La guerra a san Nicola fu particolarmente dura in Olanda, ma furono proprio gli olandesi a trasportare il suo culto oltreoceano, trapiantandovi la festa dedicata ai doni natalizi. Poi all’inizio dell’ottocento san Nicola, il cui nome storpiato già dagli olandesi, si era trasformato nell’inglese Santa Klaus, subì l’ultima metamorfosi: il suo mantello vescovile si trasformò in una zimarra ornata di pelliccia e la mitra in un cappuccio. Scese infine dal cavallo bianco, col quale giungeva nelle case dei bambini olandesi, e salì su una slitta trainata da renne: era diventato il Babbo Natale che sarebbe rientrato in Europa nel dopoguerra sull’onda della colonizzazione commerciale.
Ciononostante in Italia e nel mondo permane in alcune comunità la tradizione culturale della funzione nicolaiana. In Puglia il 6 dicembre i bambini aspettano san Nicola per ricevere regali. Secondo la tradizione san Nicola viene dal mare, a ricordo dell’arrivo a Bari nel 1087, su una nave carica di ogni ben di Dio ed entra nelle case dei bambini per distribuire dolci e giochi, dentro le scarpe posizionate la sera della vigilia accanto al fuoco.
In Sicilia, san Nicola viene rappresentato sotto forma di coccinella a cui i bambini chiedono un regalo per ogni dente da latte caduto.
In Valnerina, il 6 dicembre rappresentava una data legata alla distribuzione dei doni ai bambini, non solo a Monteleone di Spoleto, ma anche a Cerreto di Spoleto, di cui san Nicola è patrono, dove gli scolari si esibivano in recite e ne ottenevano premi, e a Scheggino, dove era il parroco a distribuire doni ai bambini.
Altra espressione della caratterizzazione infantile di questa festa, sempre a Monteleone, fino all’immediato dopoguerra, era la distribuzione di castagne, lessate o arrostite, da parte degli insegnanti ai bambini.
Oggi tale rituale costituisce, per i suoi diretti destinatari, i bambini, un’occasione di uscita, slegata, ormai al senso originale, mentre per gli adulti rimane una festa sottratta a spinte consumistiche e commerciali, una forma di devozione che l’onda commerciale rischia di appiattire, se non di spazzare via, in una società che ha conservato quasi integre le sue tradizioni, anche alimentari, se pensiamo all’importanza della coltivazione del farro per Monteleone, e che fino a pochi decenni fa vi identificava la fonte primaria di sopravvivenza. In questo contesto san Nicola, il santo elargitore che aveva “dato il farro ai poveri” non poteva che essere considerato, come in altre zone del mondo, una specie di vice di Dio, ecco quindi la notevole diffusione di cappelle a lui dedicate in Valnerina.

 

San Nicola e la Valnerina

 

In Valnerina, dove il culto di San Nicola ha trovato notevole diffusione, forse grazie al fatto che i benedettini hanno origine a Norcia, tanto che numerose chiese, ad Agriano di Norcia, Acquapremula di Sellano, Cerreto di Spoleto, Manigi di Cascia, Roccatamburo di  Poggiodomo, Rocchetta di Cerreto di Spoleto, Scheggino, oltre a Monteleone di  Spoleto il giorno della vigilia.
Si tratta di un rituale che si presenta oggi come incentrato sulla distribuzione di una minestra di farro alla popolazione, in forme analoghe a quelle che vengono ricordate dagli  informatori anziani.

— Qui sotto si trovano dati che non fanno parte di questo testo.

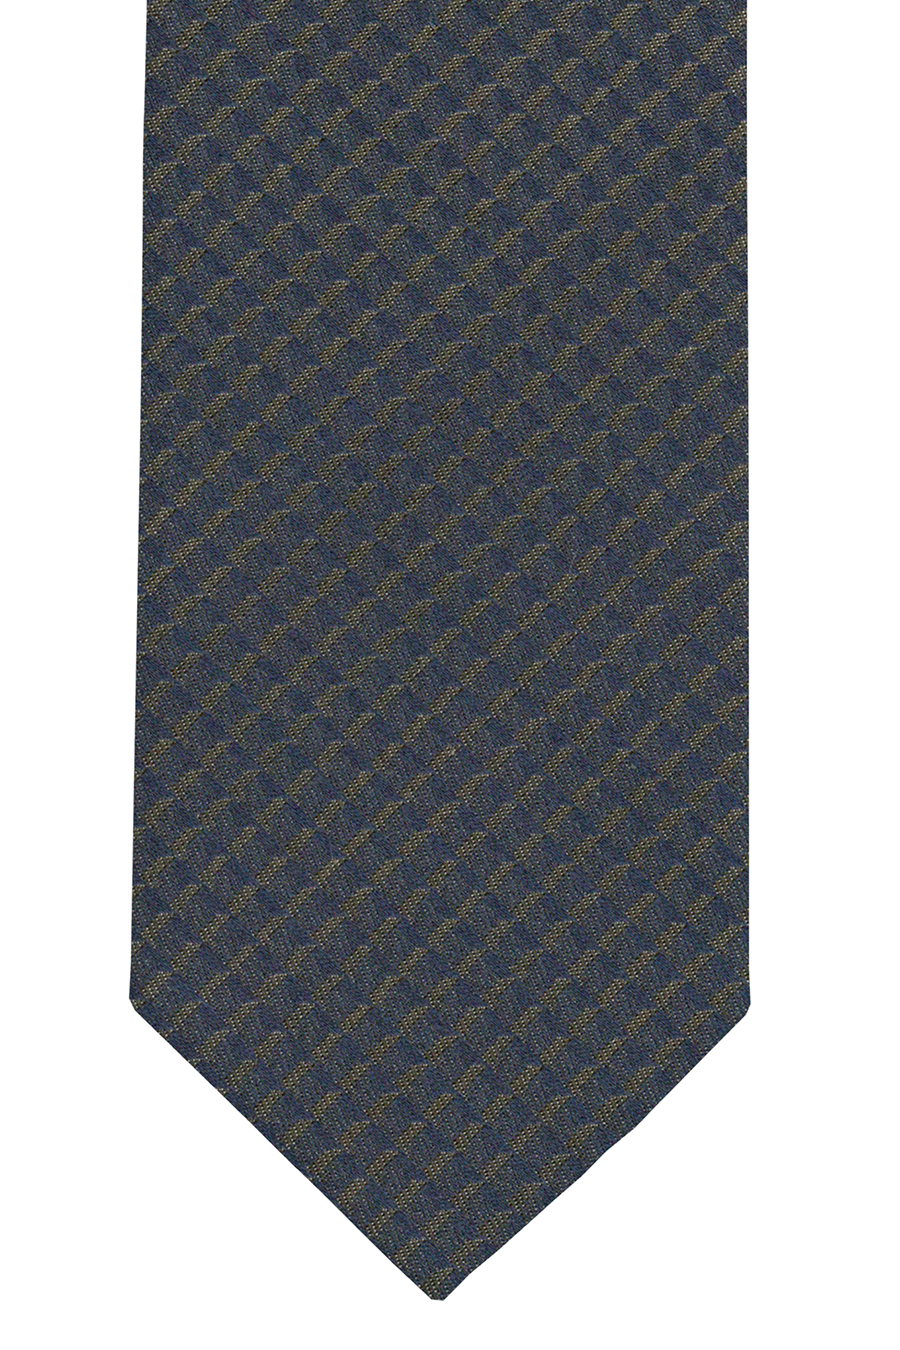 OLYMP Krawatte slim 6,5 cm breit aus reiner Seide Fleckabweisend Muster grün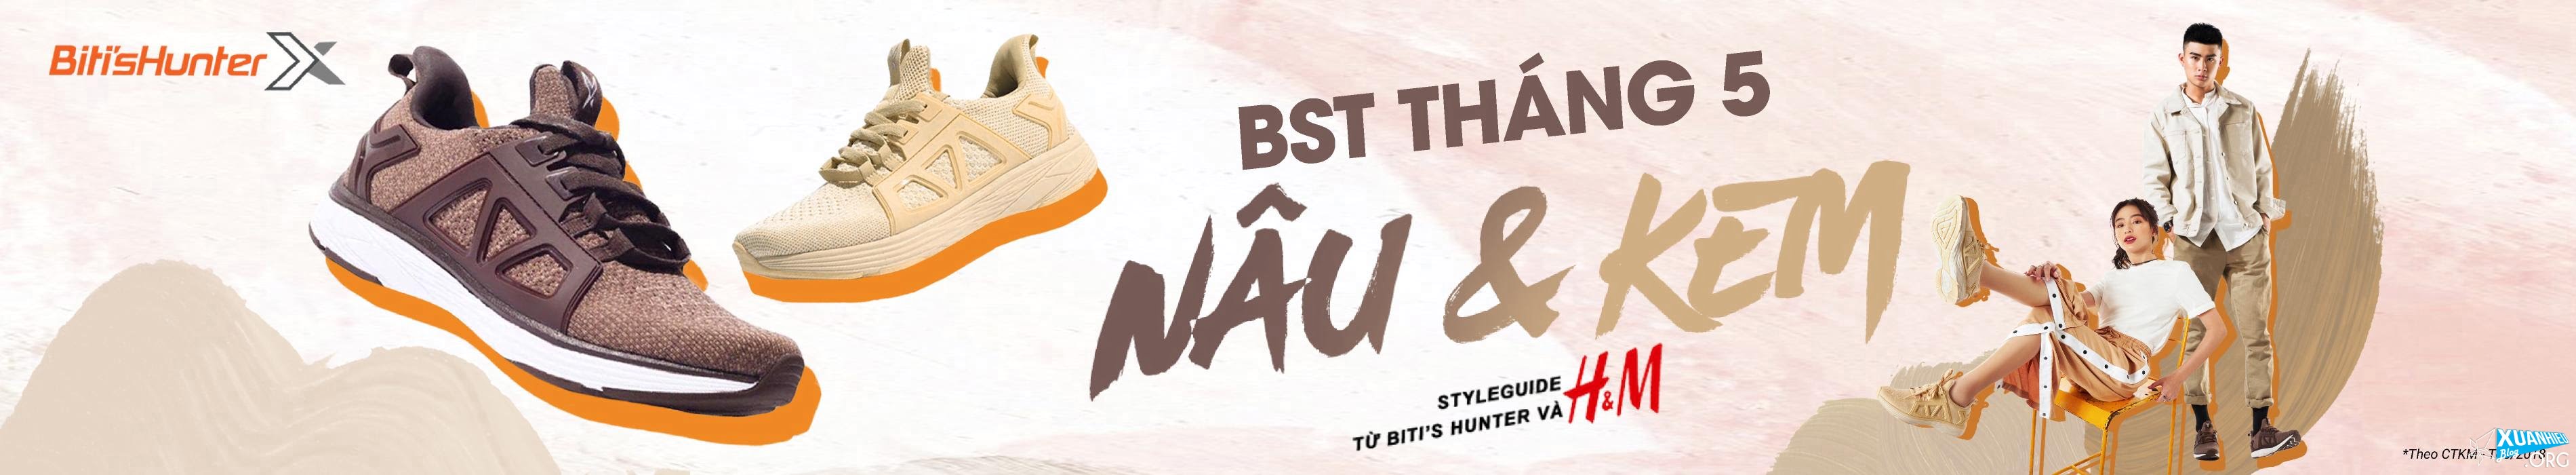 bitis hunter x2 premium nau kem thang 5 2018 1 - Biti's Hunter X2 Premium phiên bản Nâu & Kem mới ra mắt tháng 5/2018: Chất dã man

Cottura del farro nella canonica di Monteleone di Spoleto il 5 dicembre

 

Tutto il rituale è gestito dal parroco che si occupa della predisposizione egli ingredienti e sovrintende alla preparazione e distribuzione della minestra con l’aiuto di alcune donne. Il farro viene cotto nella canonica della chiesa parrocchiale di San Nicola in un grande caldaio sul focolare. All’acqua bollente, circa 80 litri, vengono aggiunti otto chili di farro che viene cotto, rimestandolo lungamente per circa due ore. Mezz’ora prima di toglierlo dal fuoco viene aggiunto il sugo di magro, con pomodoro, sedano, cipolla, carota, olio, peperoncino, preparato il giorno prima.
Dopo avervi aggiunto abbondante formaggio grattugiato, viene infine servito a mezzogiorno quando cominciano ad arrivare nella chiesa i parrocchiani e soprattutto gli scolari festanti con i loro cucchiai e piatti per mangiare la minestra e per suonare allegramente come strumenti musicali. Dopo la breve funzione religiosa, in cui si ricordano i miracoli di San Nicola e il significato di aggregazione comunitaria del consumare il pasto in comune si gusta il prelibato piatto un tempo considerato dono di San Nicola ai poveri, consentendo dunque la ripetizione dell’evento mitico. Nella festa di Monteleone si ritrovano i due tratti caratteristici con i quali si individua e riconosce San Nicola: il patronato sui bambini, gli adolescenti  e gli scolari, e la funzione di elargizione del cibo, egualitaria, perequativa, giustificata dalla figura di San Nicola, per eccellenza, santo elargitore. La funzione della distribuzione del cibo, a Monteleone assume le peculiarità della distribuzione del farro, ma  in tutta la Valnerina e non solo, si connota di usanze particolari e di elementi comuni: le forme utilizzate, le occasioni, i significati attribuiti, i soggetti impegnati sono di volta in volta differenti. A queste feste è importante fare riferimento per capire i tratti comuni e di differenza rispetto al rituale di san Nicola, per capire la permanenza nel tempo e le connessioni sociali che si possono cogliere estrapolato l’elemento mitico.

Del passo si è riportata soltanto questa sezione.